One distressing result of this lack of spare space has received much publicity of late years. That is the pain and disability usually in the lower back but at times in the neck associated with a “slipped disk.” Between each pair of vertebrae is a mass of spongy springy material which cushions shocks and allows guarded movements. Sometimes this ruptures and pushes into the spinal canal. But a nerve is always present on either side between the vertebrae, and space is limited. The displaced material therefore causes pressure on the nerve and resulting pain. Surgical removal of the disk is often necessary, although this is far from being always the case.

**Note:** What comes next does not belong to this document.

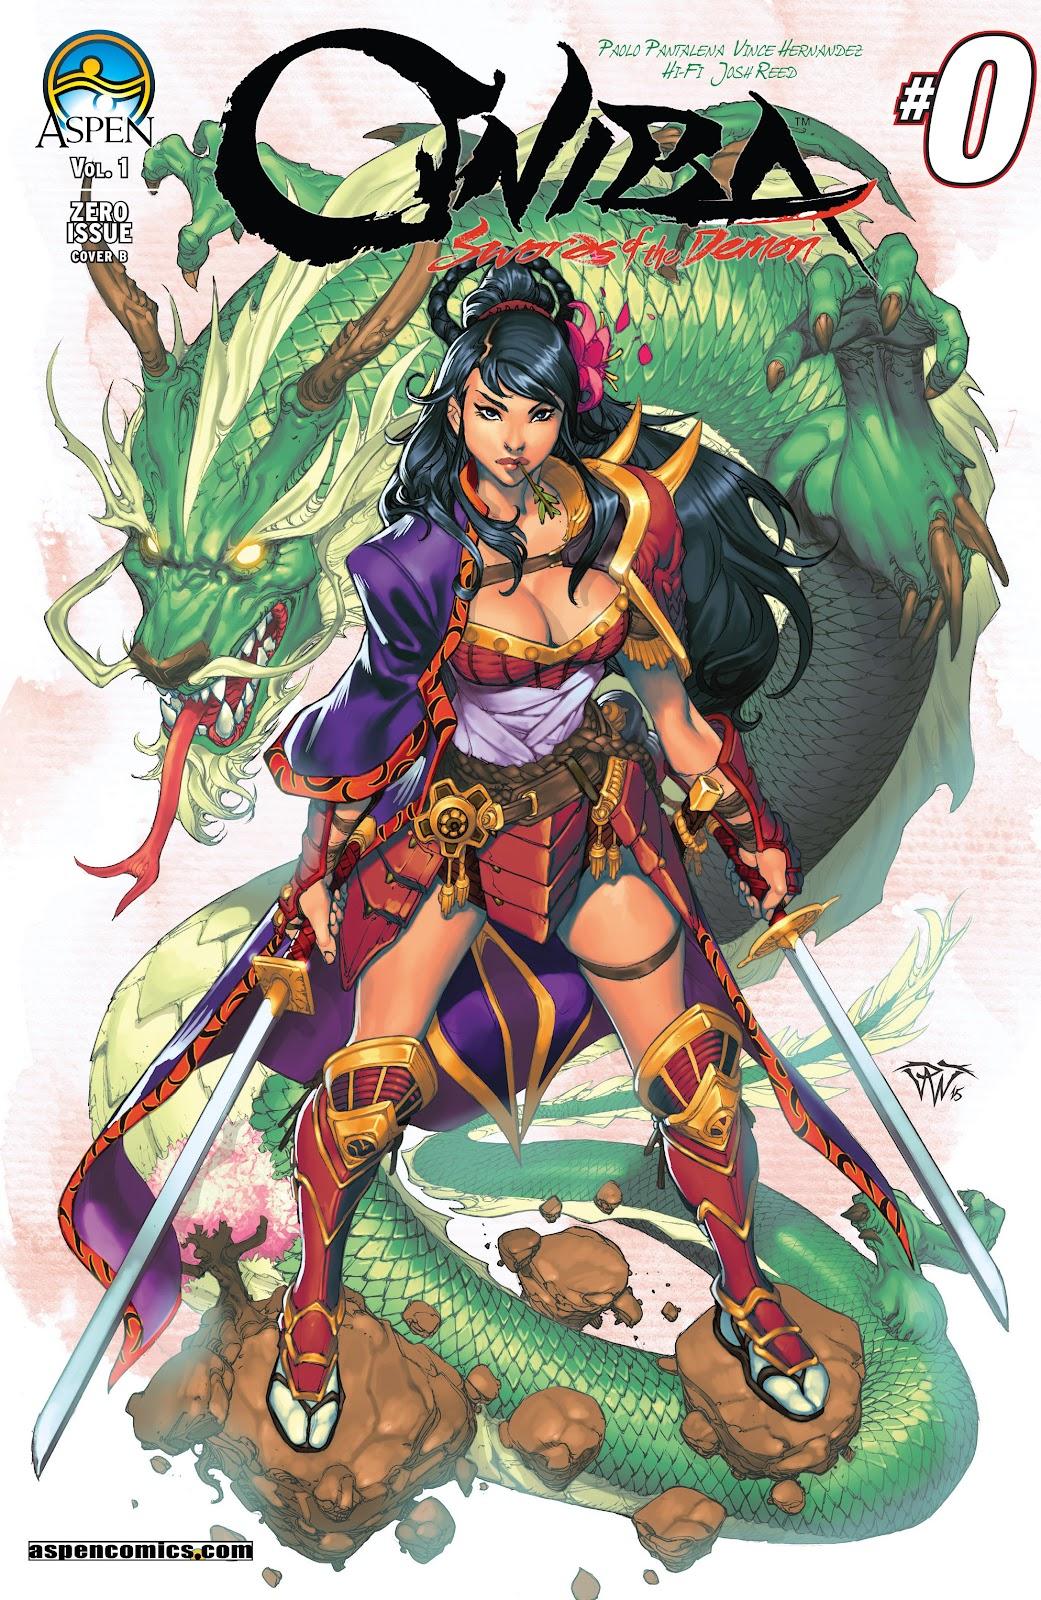 Read online Oniba: Swords of the Demon comic -  Issue # Full - 2

Perhaps the most striking thing about the nervous system is its lack of the power of regeneration. Destroy a nerve cell and it is gone forever and no other will take its place. However, the nerve fiber may be injured somewhere along its course. All the part thus separated from the body of the cell will waste away. But from the point of injury the wounded cell may slowly push out fresh fiber. Even this re-growth compares poorly with what we get in other tissue. Surgeons cut many tissues which in a few weeks may be as good as new. If they cut across a nerve fiber, the function of that nerve is lost for many months. Nervous tissue also is delicate and easily injured. That is why the brain and spinal cord are protected as no other parts of the body are.
This system is the great regulator of the body. Even the endocrine system, whose importance is so recognized now, is said to be dominated by the pituitary and this latter is lorded over by a part of the brain. Once it is necessary to activate the body, the nervous system is in command.